### COLLECTED MATERIAL
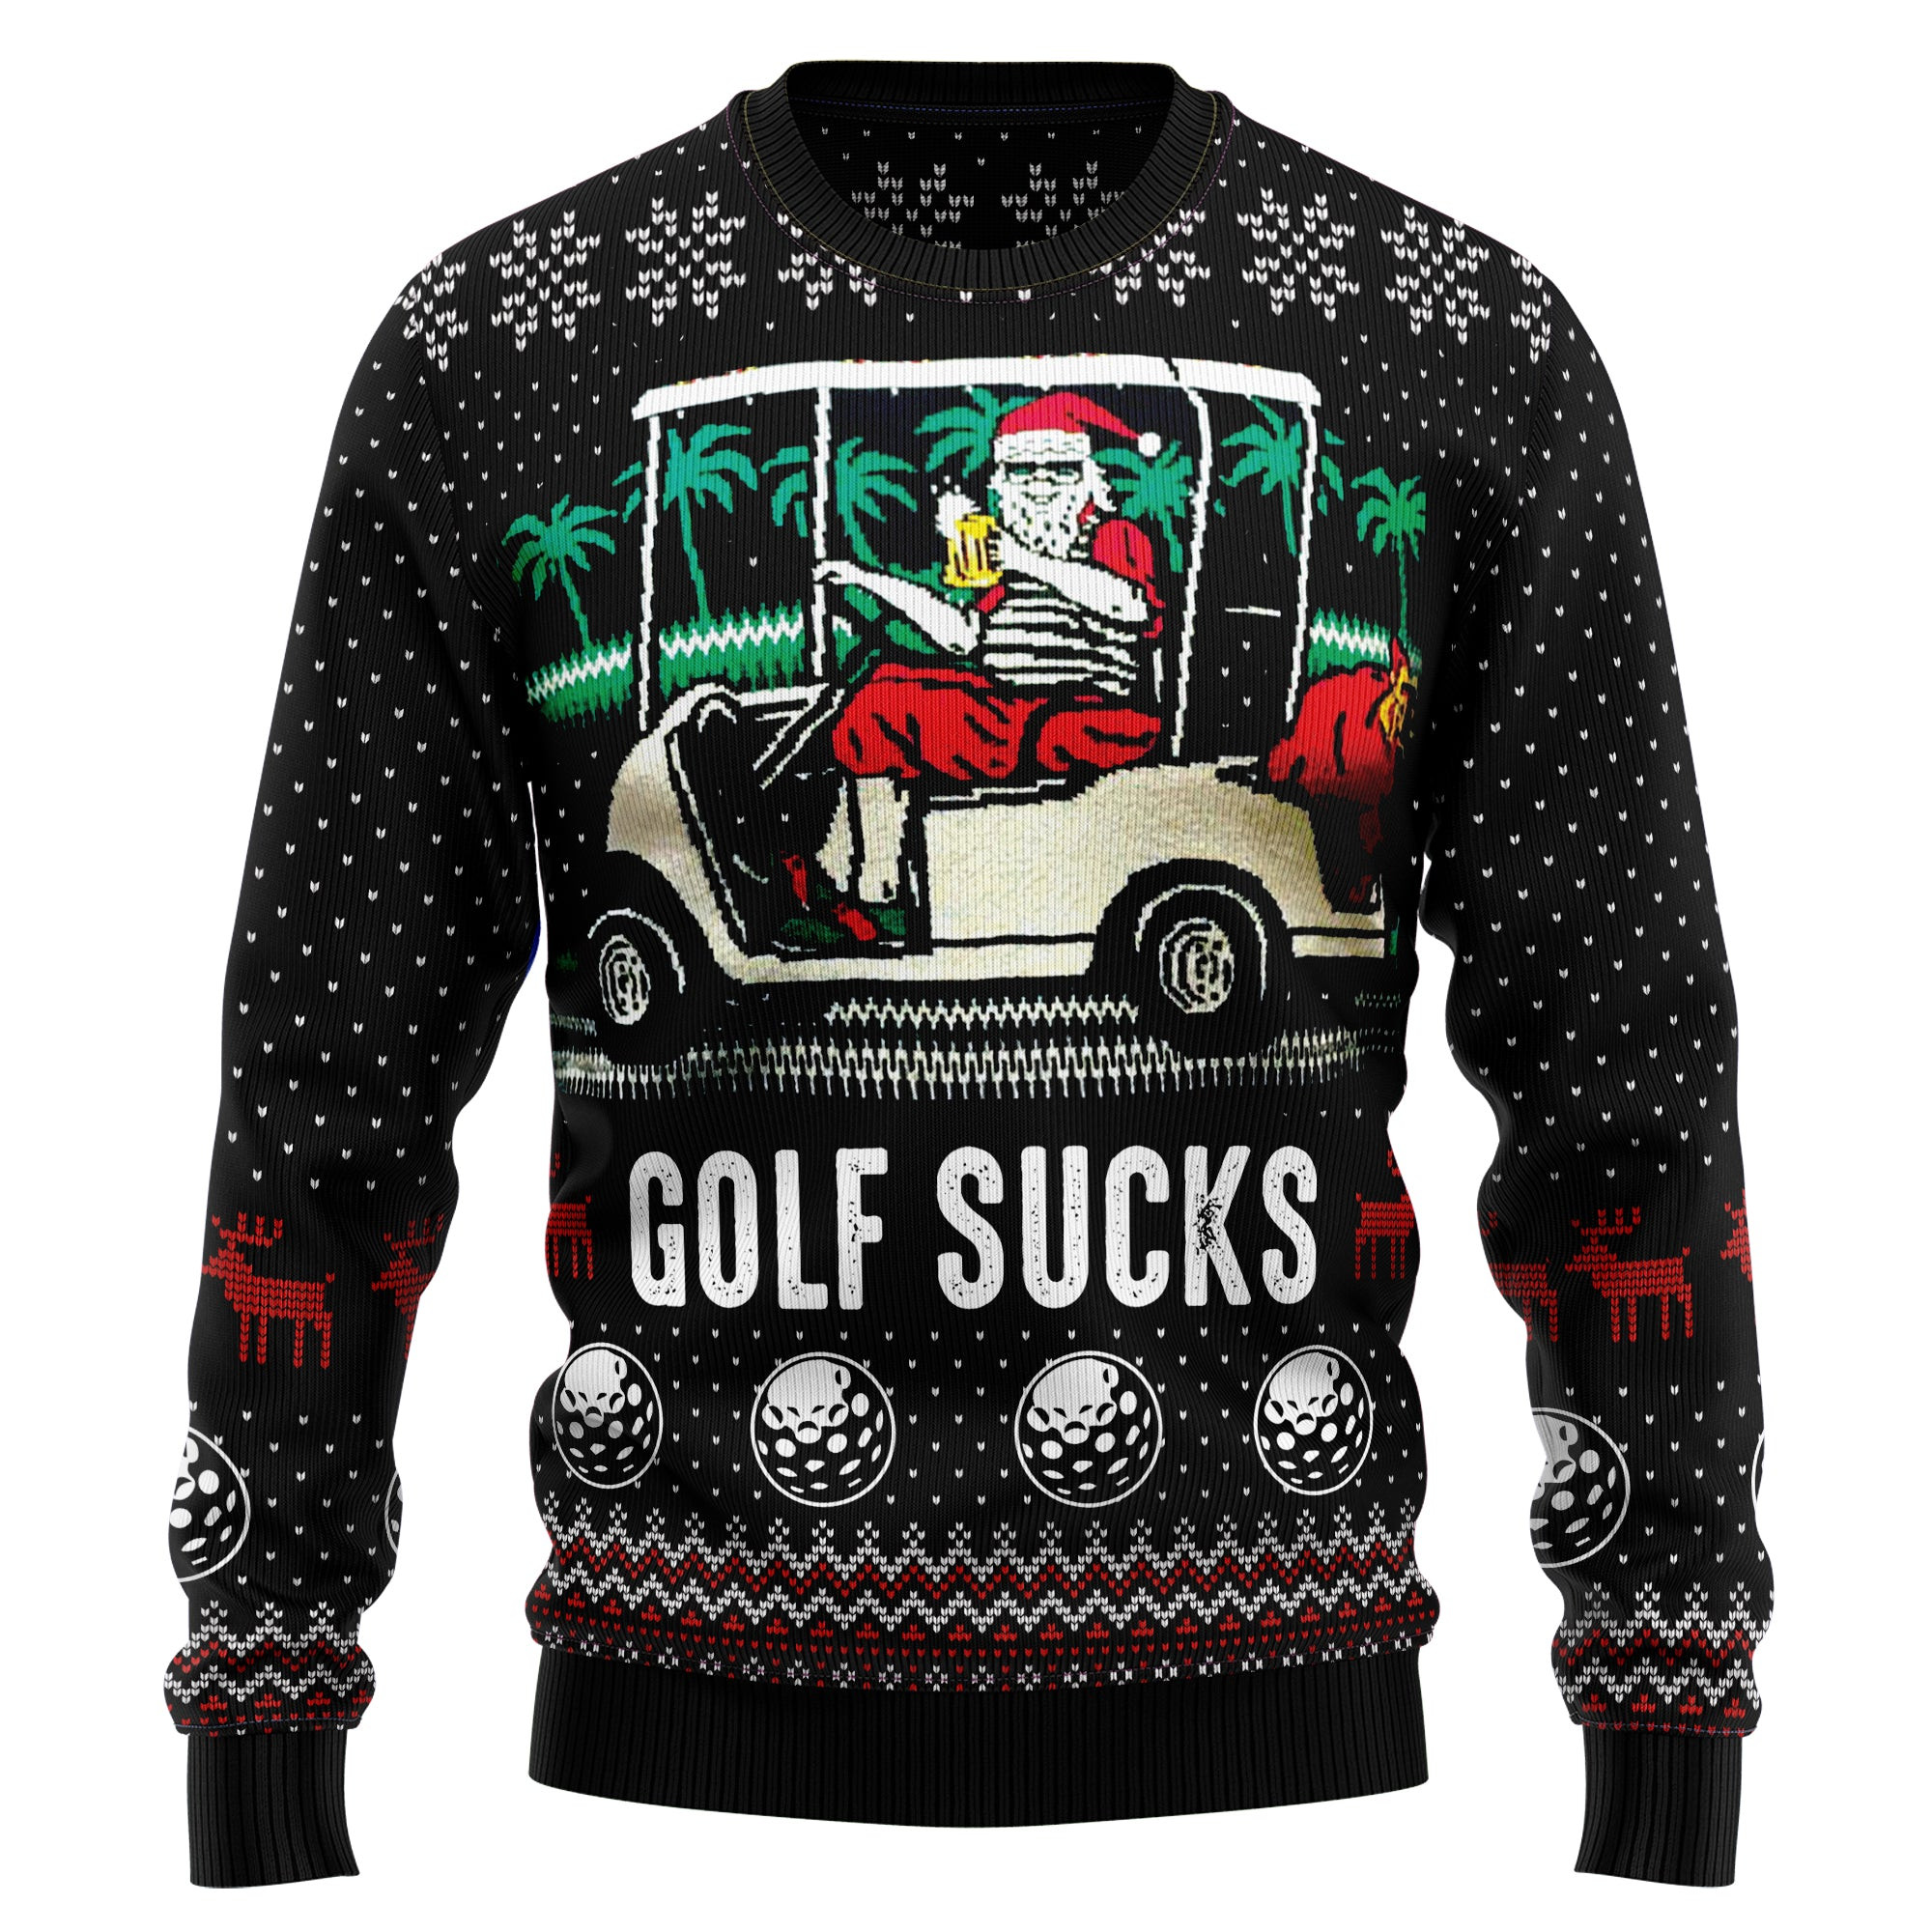 Golf Sucks Ugly Christmas Sweater, Ugly Sweater For Men Women, Holiday Sweater
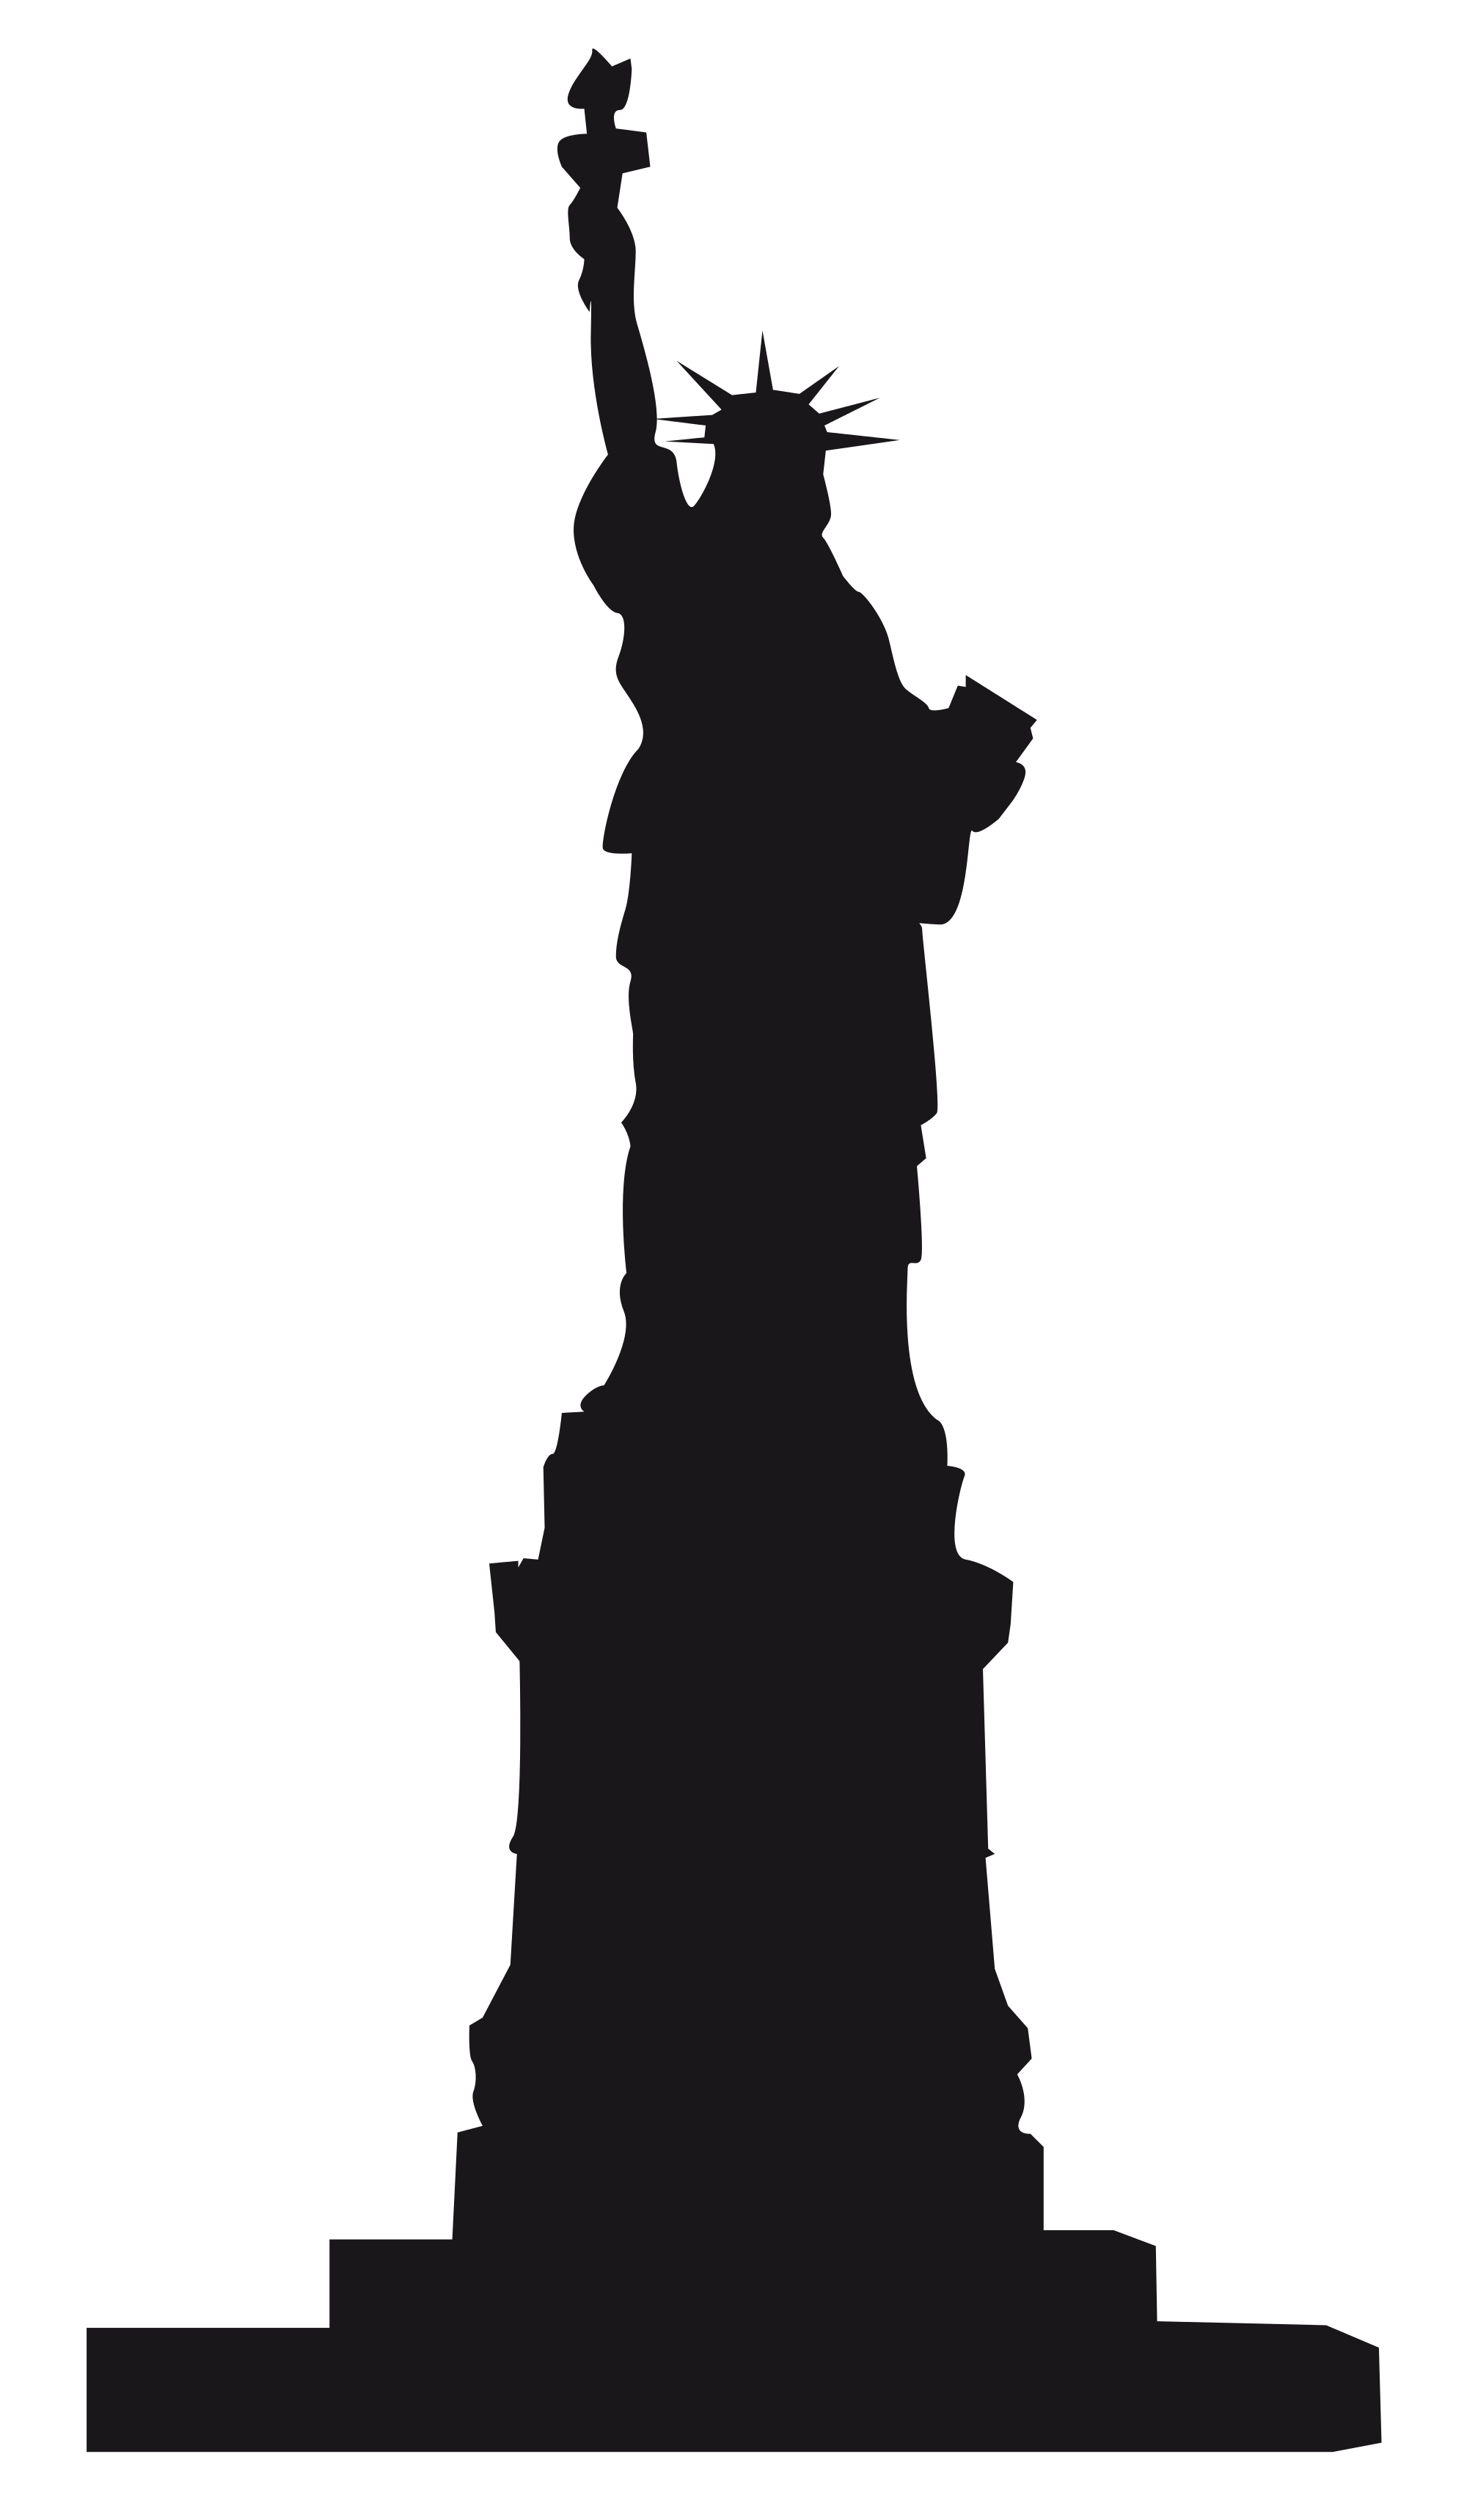 File:Silhouette of the Statue of Liberty in New York.svg 
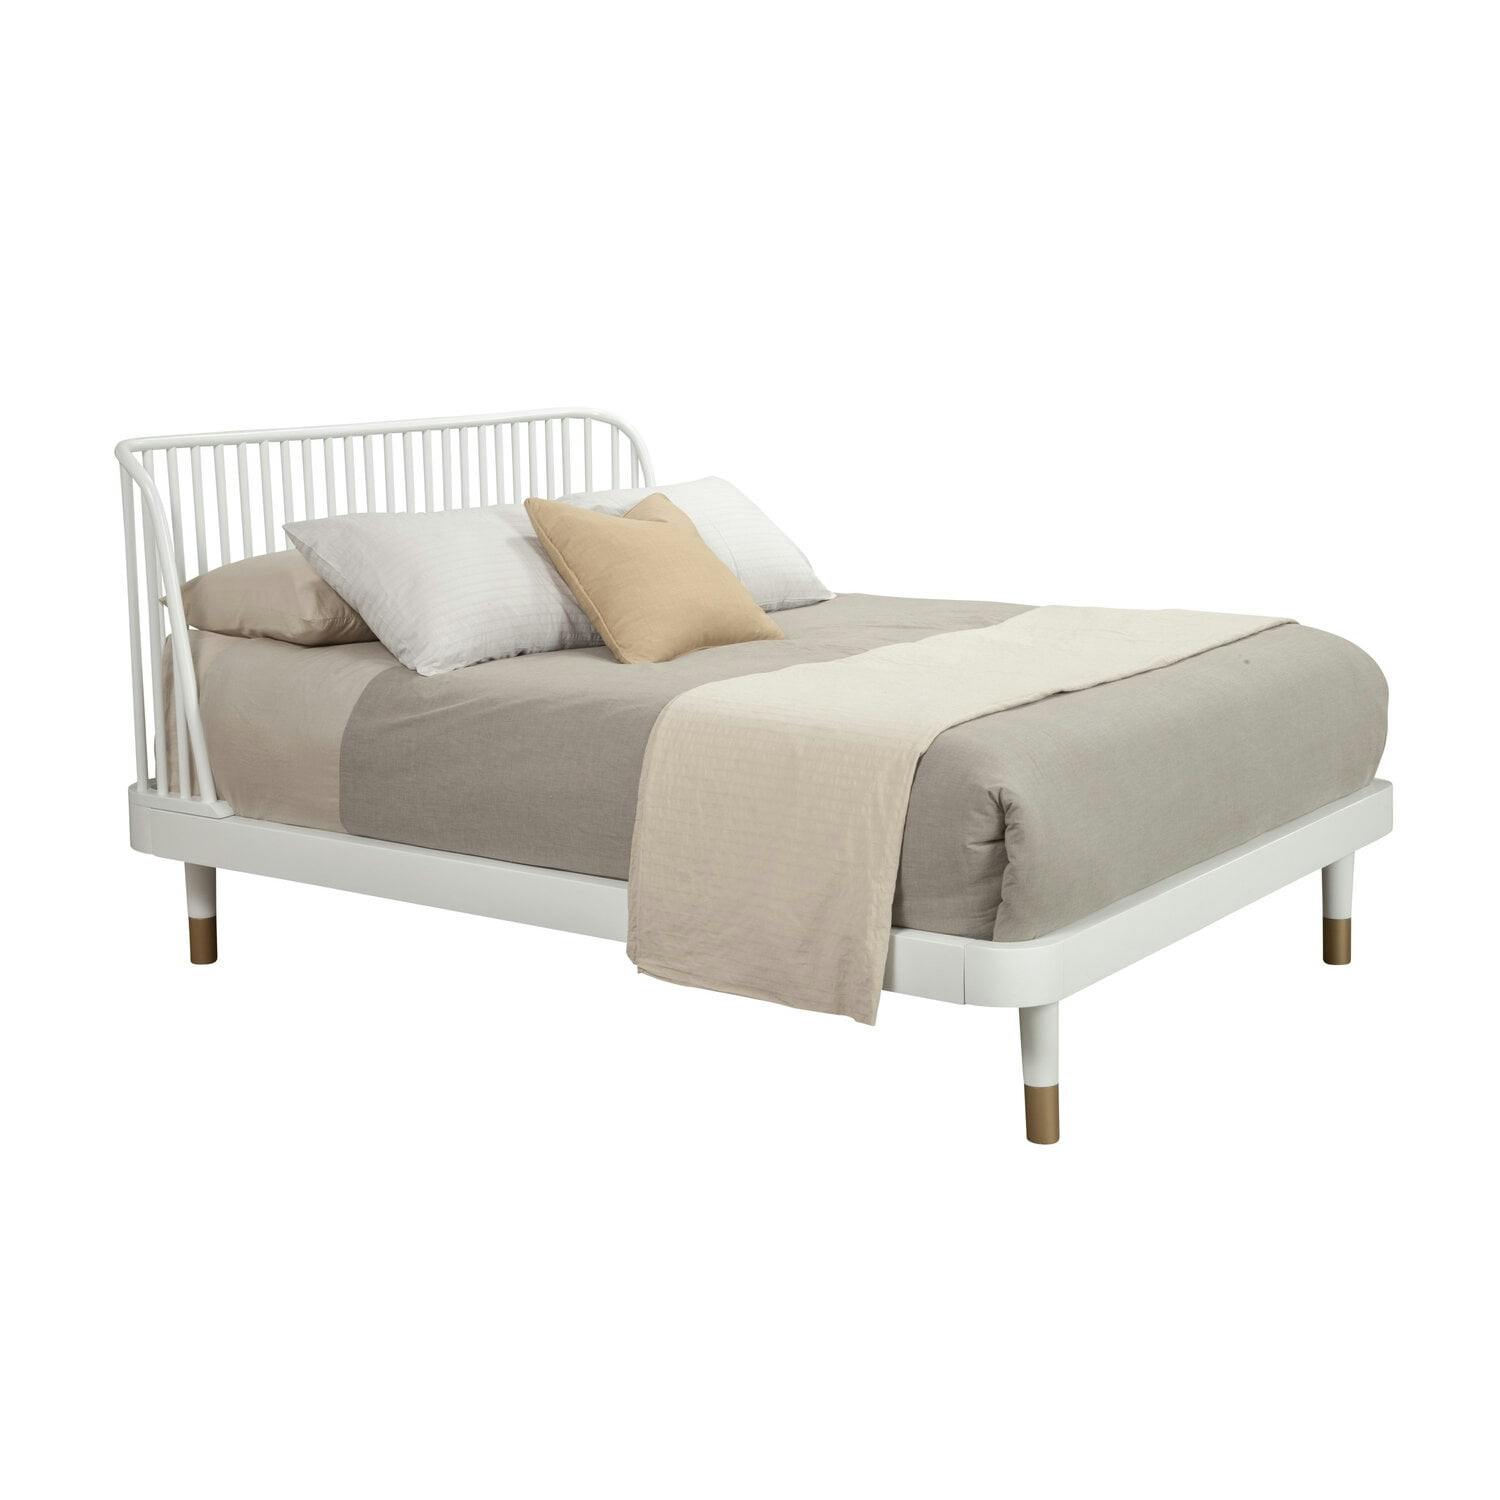 Madelyn Contemporary White Mahogany King Platform Bed with Upholstered Headboard

### REQUIRED ACTION
Only the lines from the one with "File:Silhouette of the" through the end of the listing should be transcribed, exactly and without pictures.

### SOLUTION FOR THIS EXERCISE
 File:Silhouette of the Statue of Liberty in New York.svg 
 Madelyn Contemporary White Mahogany King Platform Bed with Upholstered Headboard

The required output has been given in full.